While President Obama made a big deal out of delaying the northern half of the Keystone pipeline’s construction, he compensated by signing an executive order to expedite similar infrastructure projects everywhere else. (Photo/Matt Wansley via Flickr)
Large segments of the environmental movement declared a win on Jan. 18, 2012, the dawn of an election year in which partisan fervor reigned supreme.
On that day President Barack Obama kicked the can down the road for permitting TransCanada’s Keystone XL pipeline’s northern half until after the then-forthcoming November 2012 presidential election.
“Northern half” is the key caveat: just two months later, on March 22, 2012 – even deeper into the weeds of an election year – President Obama issued Executive Order 13604. Among other key things, the order has an accompanying memorandum calling for an expedited review of the southern half of Keystone XL stretching from Cushing, Okla. to Port Arthur, Texas.
The day before, March 21, Obama flew on Air Force One to a pipe yard in Cushing – the “ and photo-op announcing the executive order and memorandum.
Dubbed the Gulf Coast Pipeline Project by TransCanada – 95 percent complete and “open for business” in the first quarter of 2014 – the 485-mile tube will ship 700,000 barrels of tar sands crude per day from Cushing to Port Arthur, where it will then reach Gulf Coast refineries and be exported to the global market.

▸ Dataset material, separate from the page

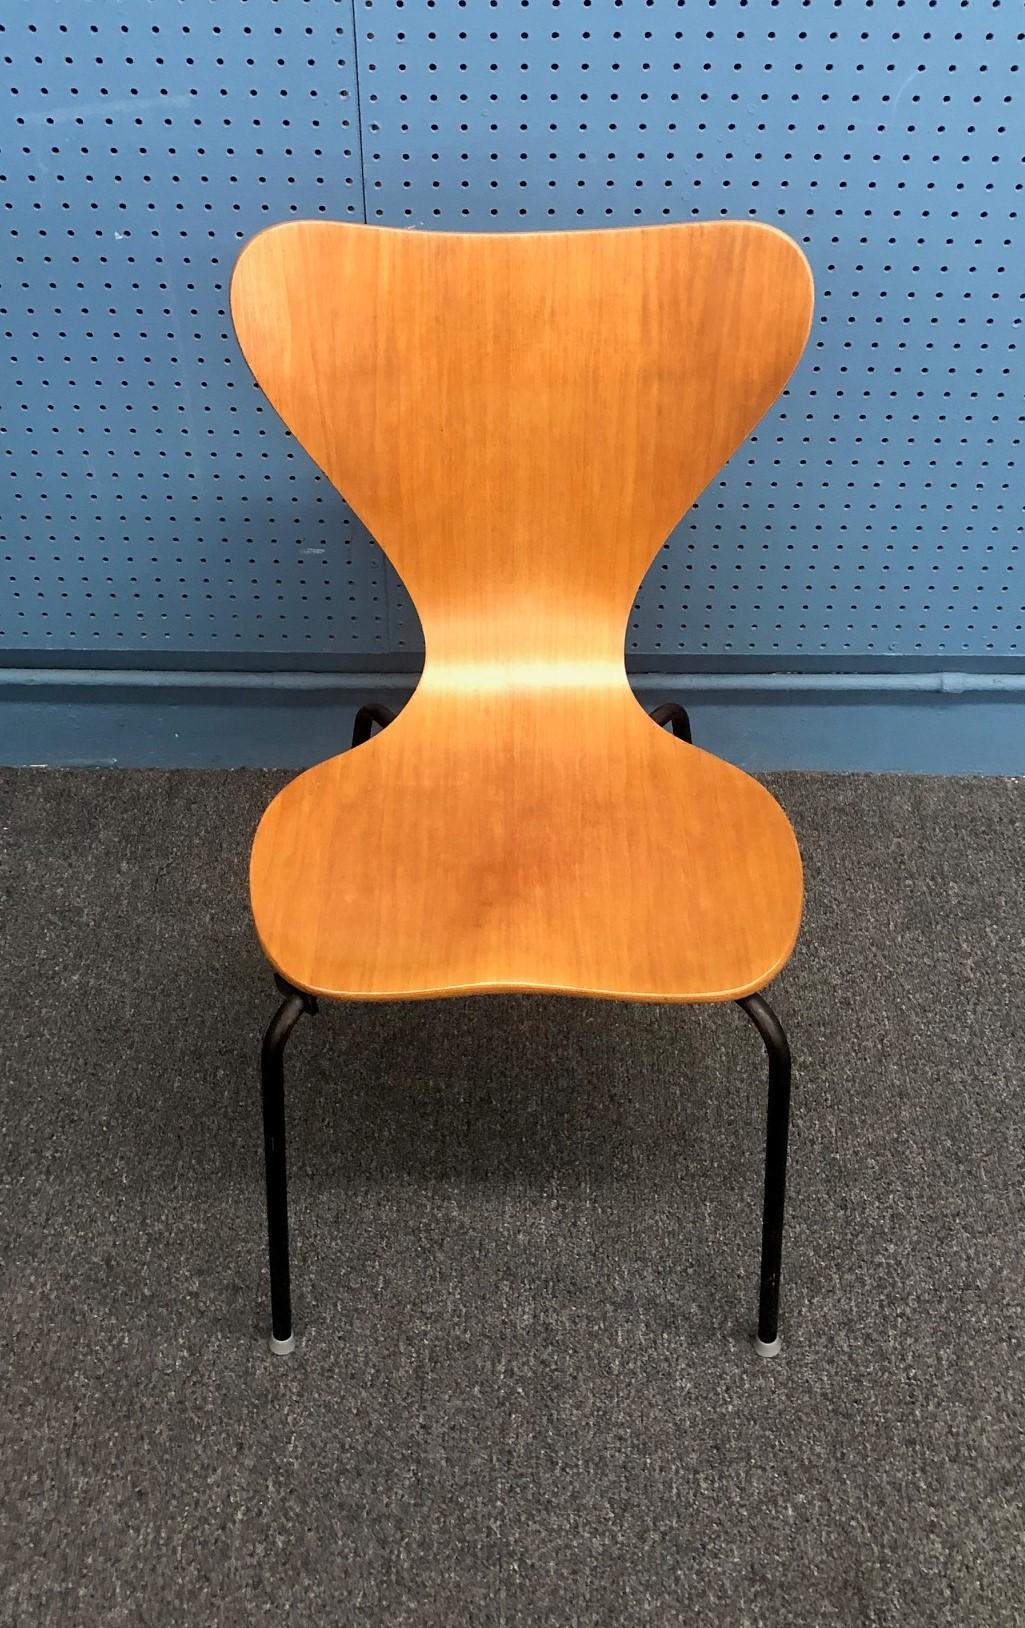 Ein sehr seltener moderner dänischer Stuhl aus Teakholz von Herbert Hirche für Jofa Stalmobler, ca. 1950er Jahre. Der Stuhl wurde in Dänemark aus dickem Sperrholz mit Teakholzfurnier hergestellt; das Gestell besteht aus schwarz lackiertem Stahlrohr.

It will eventually have the capacity to ship 830,000 barrels per day.
The subject of a large amount of grassroots resistance from groups such as Great Plains Tar Sands Resistance and the Tar Sands Blockade, the Gulf Coast Pipeline Project – when push comes to shove – is only the tip of the iceberg.
That’s because Obama’s order also called for expedited permitting and review of all domestic infrastructure projects – including but not limited to pipelines – as a reaction to the Keystone XL resistance.

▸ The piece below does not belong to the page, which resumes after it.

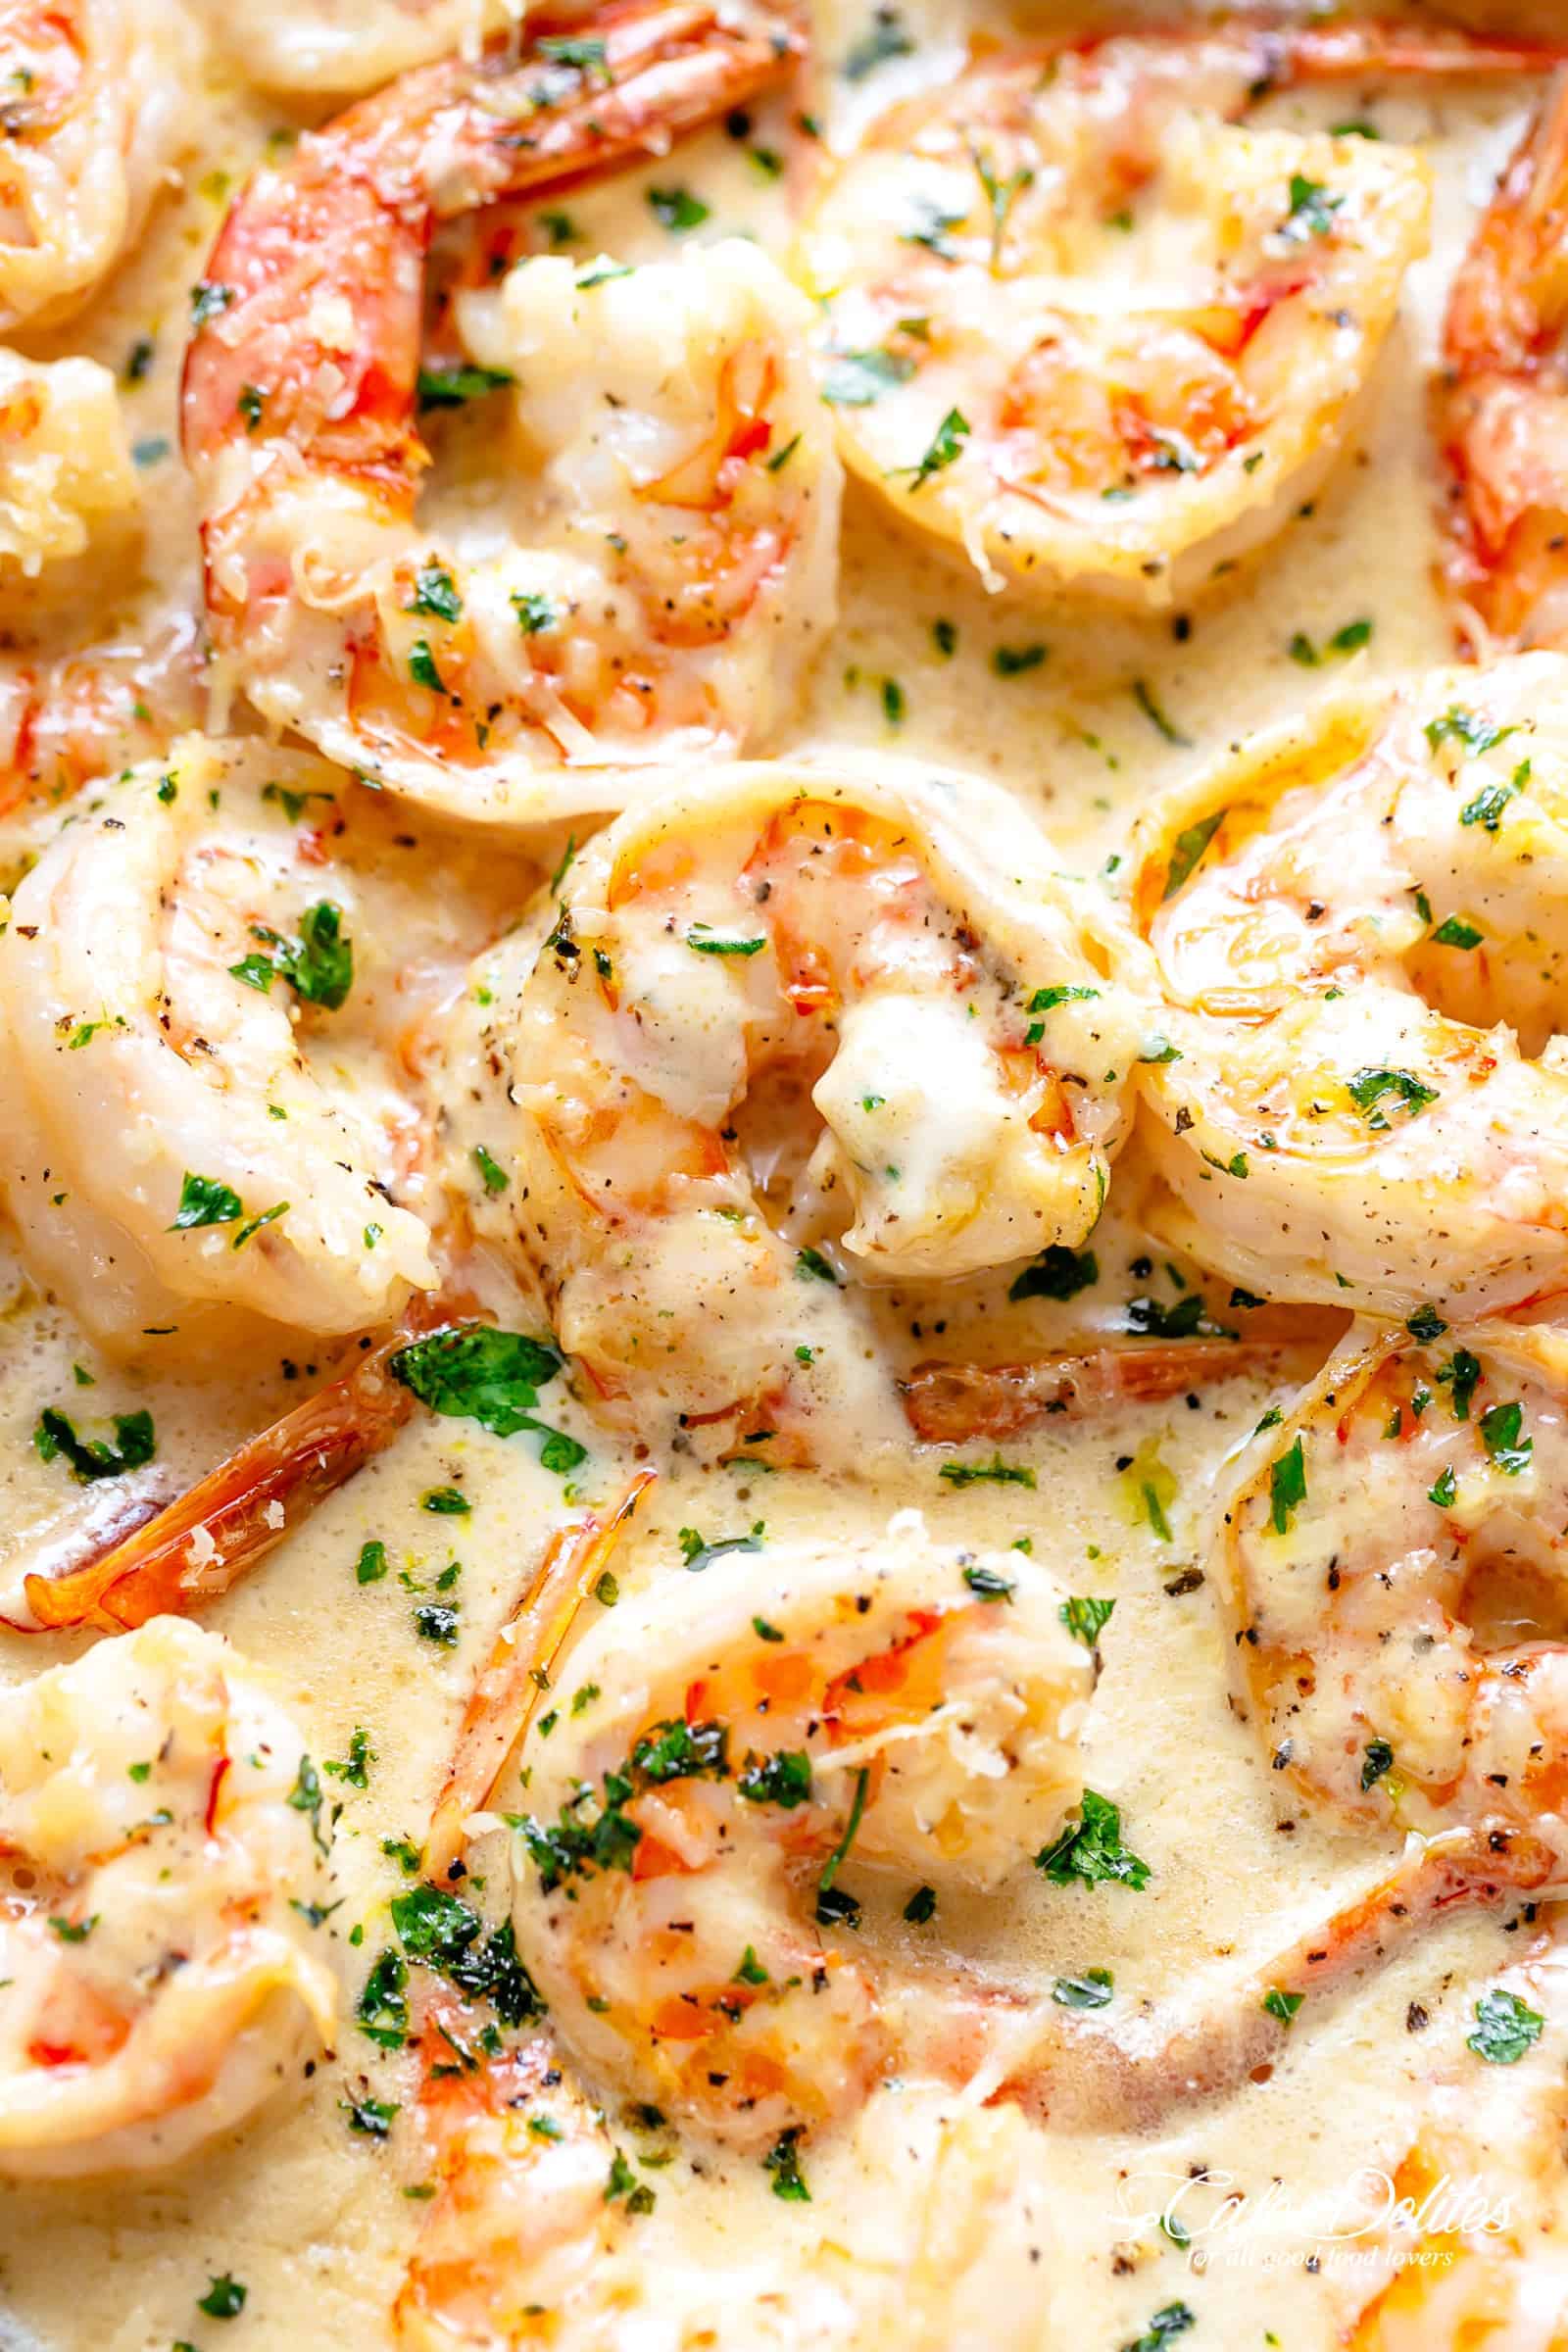 https://cafedelites.com/wp-content/uploads/2018/06/Creamy-Garlic-Parmesan-Shrimp-Alfredo-IMAGE-2.jpg

A months-long Mint Press News investigation reveals the executive order wasn’t merely a symbolic gesture.
Rather, many key pipeline and oil and gas industry marketing projects are currently up for expedited review, making up for — and by far eclipsing — the capacity of Keystone XL’s northern half. The original TransCanada Keystone pipeline – as is – already directly connects to Cushing from Alberta, making XL (short for “extension line”) essentially obsolete.
Keystone XL’s northern half proposal is key for marketing oil obtained from the controversial hydraulic fracturing (“fracking”) process in North Dakota’s Bakken Shale basin.
Dubbed the Bakken Marketlink Pipeline, the segment has lost its importance with the explosive freight rail boom for moving Bakken fracked oil to market and other pipeline proposals. One of those pipelines, in fact, has received fast-track approval under the March 2012 Obama Executive Order.